In the case of text that is:

-Copied into IDE from an external editor
-Entered/edited in IDE
-Entered in translation file (Unicode)

For:
-Display in IDE
-Display in-game

As well as:
-Text entry in game (TextBox)

With AGS set to:
 -RTL mode
-"Normal" mode

Edit: And by "how AGS treats," I mean:
-Do the characters appear in the right order/direction?
-Are lines of text correctly aligned?
-Are ligatures displayed correctly?
-Are string operations performed correctly? (.Append(), .Substring(), etc., as well as string substition tags like %s)
-Does editing work correctly? (in IDE and TextBox), i.e. caret movement on entering/deleting a character
Title: Re: How is the "proper" right-to-left text written, and wrapped?
Post by: Mehrdad on Wed 12/04/2023 08:46:21
@Crimson Wizard 
Uncheck reverse is a nice idea and works perfectly in the game. But it doesn't correctly show in Editor and I can't read texts
Title: Re: How is the "proper" right-to-left text written, and wrapped?
Post by: eri0o on Wed 12/04/2023 11:50:15
A small memory dump, Freetype can draw text, but it needs Harfbuzz for ligatures - and they have a circular dependency where both libraries depend on each other, so if you aren't building both from source together, you have to do a weird thing that is build FreeType, build Harfbuzz pointing to FreeType, and then build FreeType again pointing to Harfbuzz. Ligatures also have special functions for emojis - changing color or type of a emoji.

Now, neither support the characters that inverts text, so you need a bidi library. There's also care when doing this to look for the library with the correct license.

Here's the issue for the feature of bidi in SDL_ttf : https://github.com/libsdl-org/SDL_ttf/issues/135

I remember there was also some drawing library (Cairo?) that did have support and it was what chromium used.
Title: Re: How is the "proper" right-to-left text written, and wrapped?
Post by: Crimson Wizard on Wed 12/04/2023 14:15:37
From the engine's perspective it will of course be desired that there's a minimal amount of settings and "types" of data, and most conversions were done by compilers. For example, if compiler could inverse the "reversed" RTL text before packaging the game.

But in our case this will either be impossible or difficult to achieve, as the game script is allowed to have strings in multiple languages, and scripting language allows to switch Text Direction at runtime (see SetGameOption(OPT_RIGHTTOLEFT) (https://adventuregamestudio.github.io/ags-manual/Globalfunctions_General.html#setgameoption)). This assumes that script strings may contain text of all kinds.

Resolving this at game compilation time would likely require a new preprocessor feature, using some kind of annotations added to the string literals. And that would definitely bring more issues with texts loaded from custom files.

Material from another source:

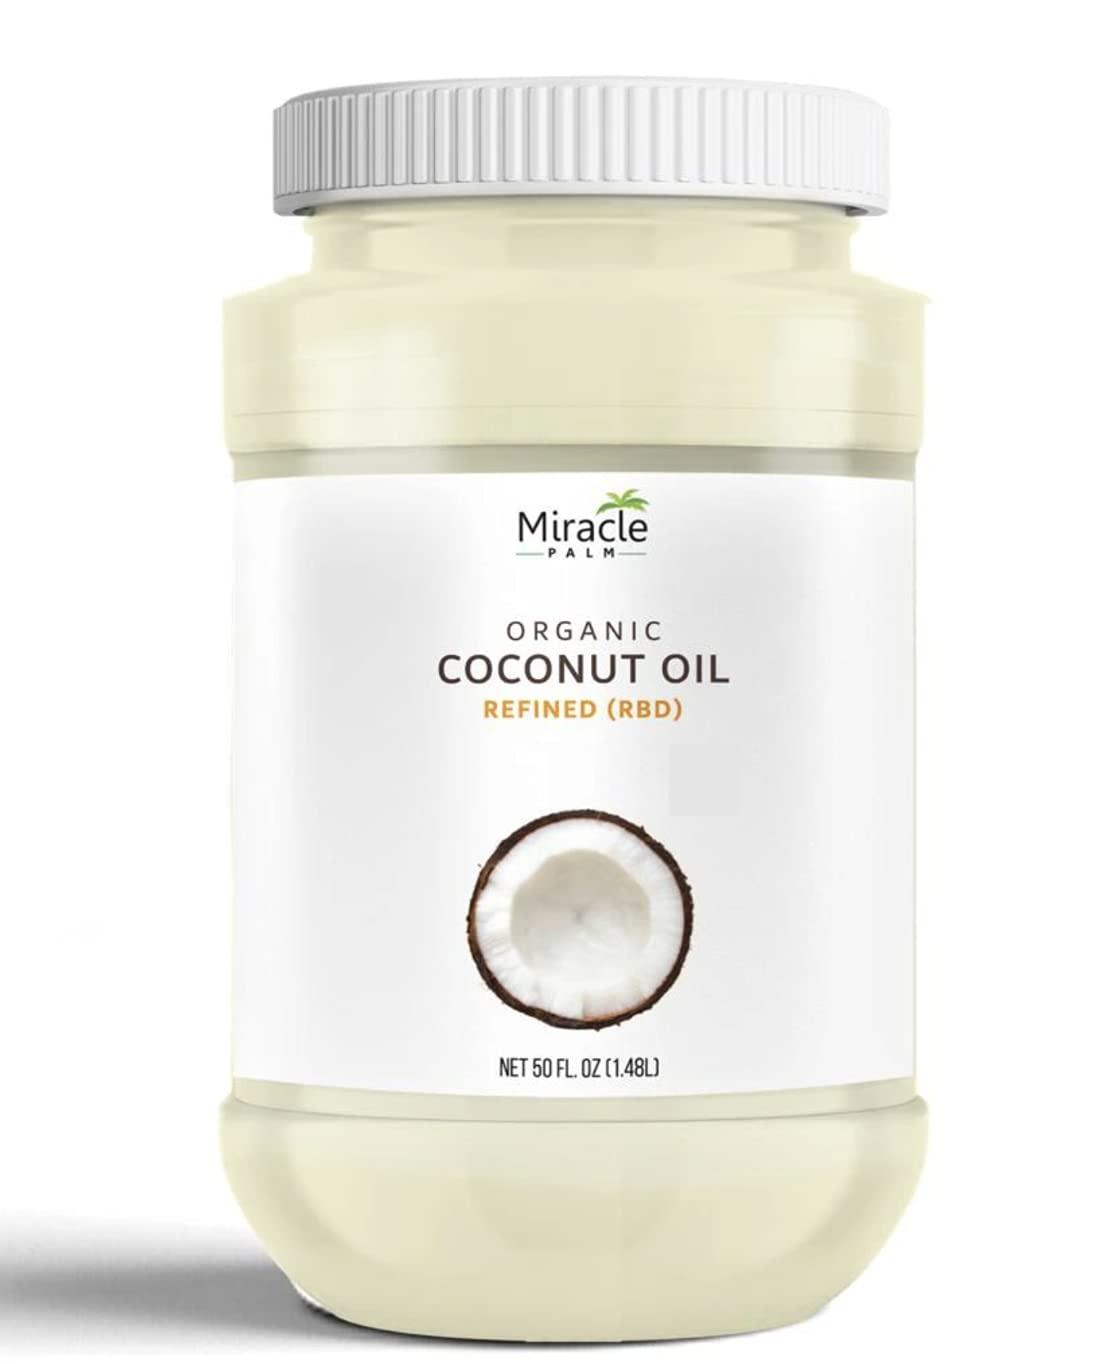 Luxury Super sale Miracle Palm RBD Oil Coconut 50OZ

Considering the above, the easiest option at the moment is to add a new mode to OPT_RIGHTTOLEFT, and fix all places where OPT_RIGHTTOLEFT has a meaning, accounting for this new mode.

I.e, OPT_RIGHTTOLEFT will be:
0 - normal LTR;
1 - normal RTL (that is - characters stored in the order of natural reading);
2 - pre-reversed RTL (that is - characters stored against the order of natural reading, and in order of how they are displayed left-to-right).

How the engine handles the new mode 2 is purely internal to the engine. If new font libraries are added later, which may somehow affect the situation, this behavior may be adjusted accordingly.
Title: Re: How is the "proper" right-to-left text written, and wrapped?
Post by: Crimson Wizard on Thu 13/04/2023 23:15:35
Also, I found something weird again; apparently there are gui controls that never reverse the text in RTL mode: Buttons and ListBoxes.

Basically, only text that supports wrapping does this: Labels, speech, display boxes.

I'm not sure if dialog options or drawing text on drawing surface does this... DrawTextWrapped probably does, since it wraps.

This is like that at least since AGS 3.2.1.
Title: Re: How is the "proper" right-to-left text written, and wrapped?
Post by: Crimson Wizard on Fri 14/04/2023 00:38:19
The preliminary (unoptimized) version of "reverse RTL" solution code may be found here:
https://github.com/ivan-mogilko/ags-refactoring/tree/361--reversertl

It's unoptimized, because it does double text reverse when splitting (once before the split, and then second time after). I would have to somehow rewrite the splitting algorithm and make it capable of reading forwards and backwards...
Title: Re: How is the "proper" right-to-left text written, and wrapped?
Post by: eri0o on Fri 14/04/2023 01:23:14
Just to try to understand, all the context of what you are talking here is ags3? Because on ags4 (we are unicode only there, right?) we could use a bidi library - it's not simple to integrate and requires some refactoring, but it's possible. (There's also the issue of vertical text with horizontal typesetting as a next hard thing, which requires a bit more thought)
Title: Re: How is the "proper" right-to-left text written, and wrapped?
Post by: Crimson Wizard on Fri 14/04/2023 01:32:42
Quote from: eri0o on Fri 14/04/2023 01:23:14Just to try to understand, all the context of what you are talking here is ags3?

Yes, because it needs enhancing unicode feature to let use these certain languages properly; and because other solutions require major changes to the font rendering, to which we do not have any estimate yet.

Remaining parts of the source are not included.